Here is a shrub that I admire each time we are in the mountains that I would love to see in my woodland garden....the Mountain Laurel ('Kalmia'). It is related to the rhododendron and similarly they need moist air  and rich, acidic soil. This is not a problem in Georgia!

Mountain Laurel 'Kalmia'

The Flowering Quince is another of the first shrubs to bloom each year.  It is incredibly easy to grow and virtually indestructible. It likes sun and well drained soil and it will provide great color for the winter garden.

Flowering Quince (Chaenomeles)

I think this is a pretty good start to my list for 2011. At least I have the trees and shrubs picked out. Now, on to the accent plants, grasses and ground cover choices. Stay tuned....

Saturday, January 1, 2011

Inspired tree recycling...

Have you recycled your Christmas tree yet? Chances are you have. Maybe you took it to your local tree recycling depot where they chip the trees and use it as mulch. If you have a pond perhaps you sunk it into your pond as a refuge and feeding area for fish. Or, like me, you placed it in your garden to enhance your wildlife habitat. But, do you ever wonder what happens to all those trees that don't get sold at tree lots, nurseries or the big box stores? This week my kids and I went to Zoo Atlanta where we found out about one Atlanta purveyor who had the forethought to donate his remaining trees to the Zoo. What genius! The animals LOVE them!

The Black Rhino eagerly munched away at the tree which had been thrown in its yard. It even picked up the entire tree with its horns and proudly carried it around.

The African Elephant chomped happily away at the tree limbs too.

And who knew that Red Kangaroos would devour them?

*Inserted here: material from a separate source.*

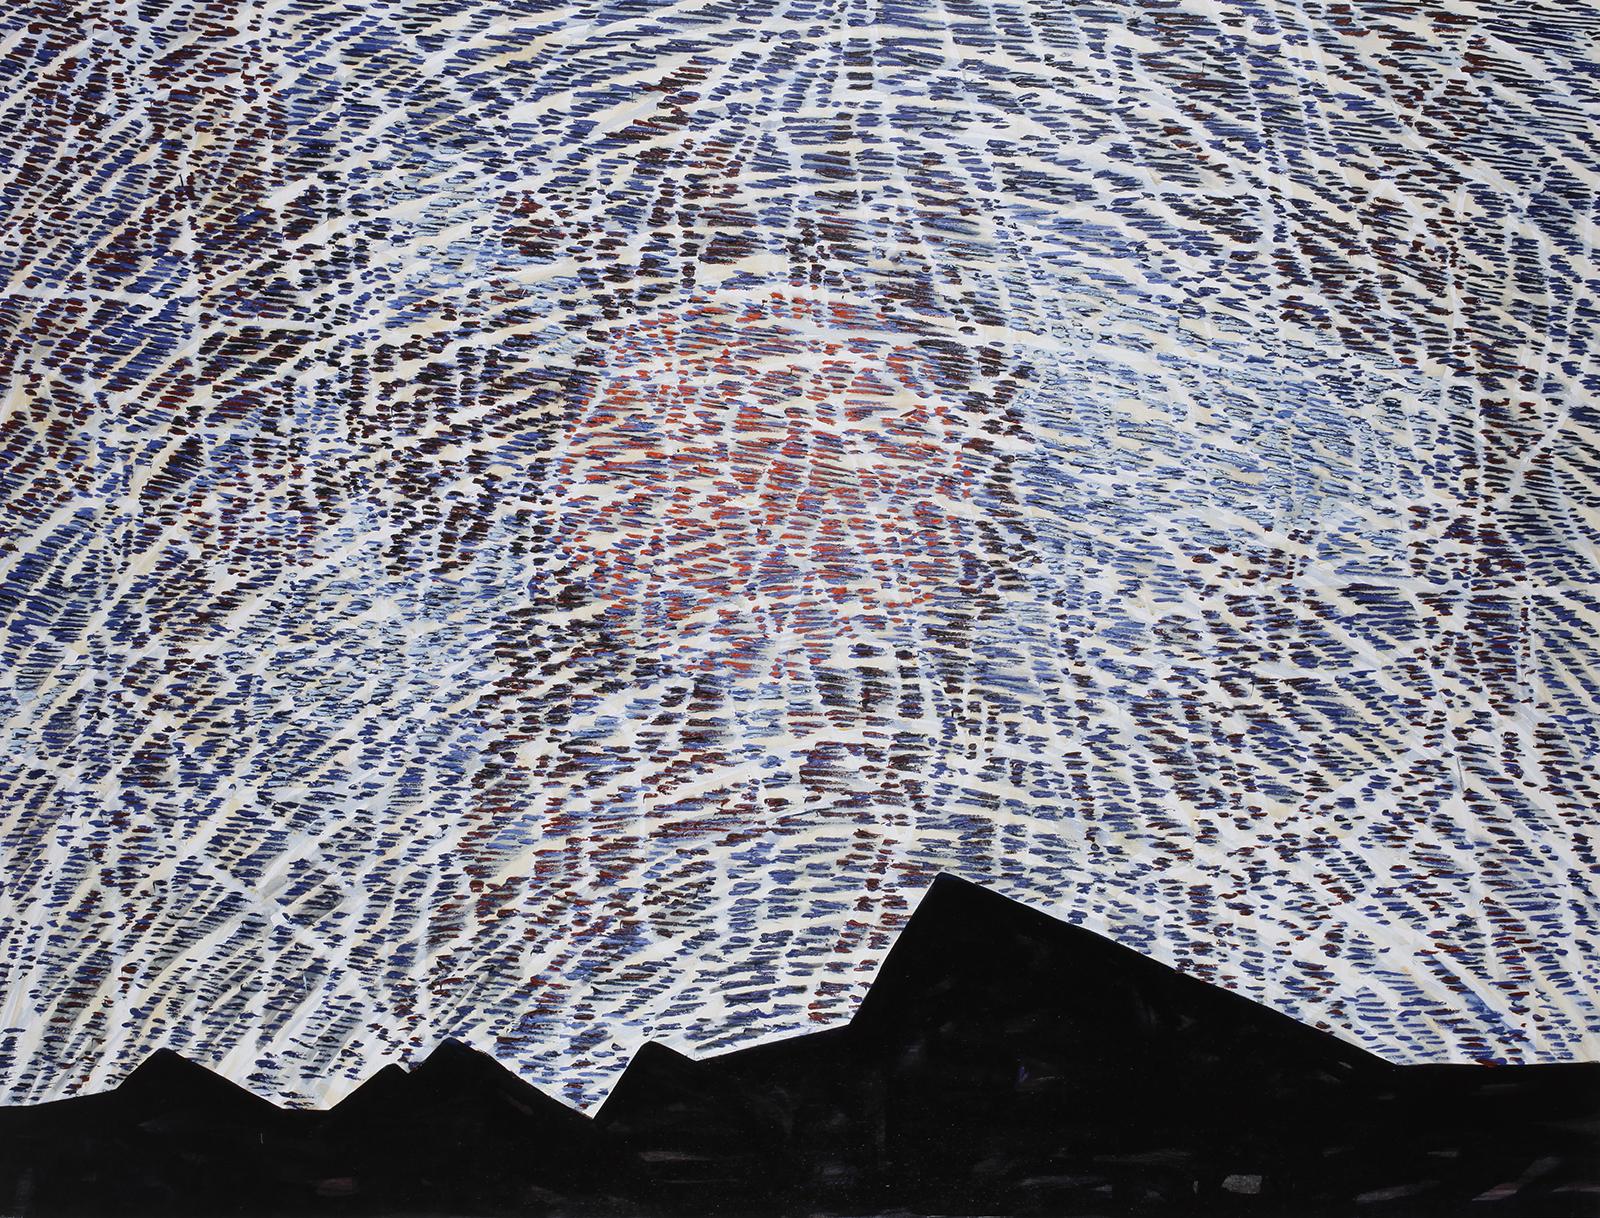 Maya Cohen Levy / Nocturnal Sights VI

Of course one would expect the goats and sheep in the petting zoo to like just about anything and so it was no surprise that they were crazy over these trees. They just gorged on them en masse!

I talked with one of the zoo keepers who explained that trees from people's homes couldn't be used since they stand in water for weeks and they are usually dried out by the time they get taken down. Animals really prefer fresh trees.

So, my plan is to get the word out. Many if not most states have a ban on trees in landfills and have recycling options for Christmas trees...such as soil erosion barriers, fish feeders or mulch for paths and hiking trails. So why not consider encouraging your local Christmas tree lot entrepreneur, tree farmer or even the big box stores to donate their unsold trees to the local zoo. It helps out the zoo with feed costs, puts the trees to good use and they become good stewards of the community. It is a win-win for all.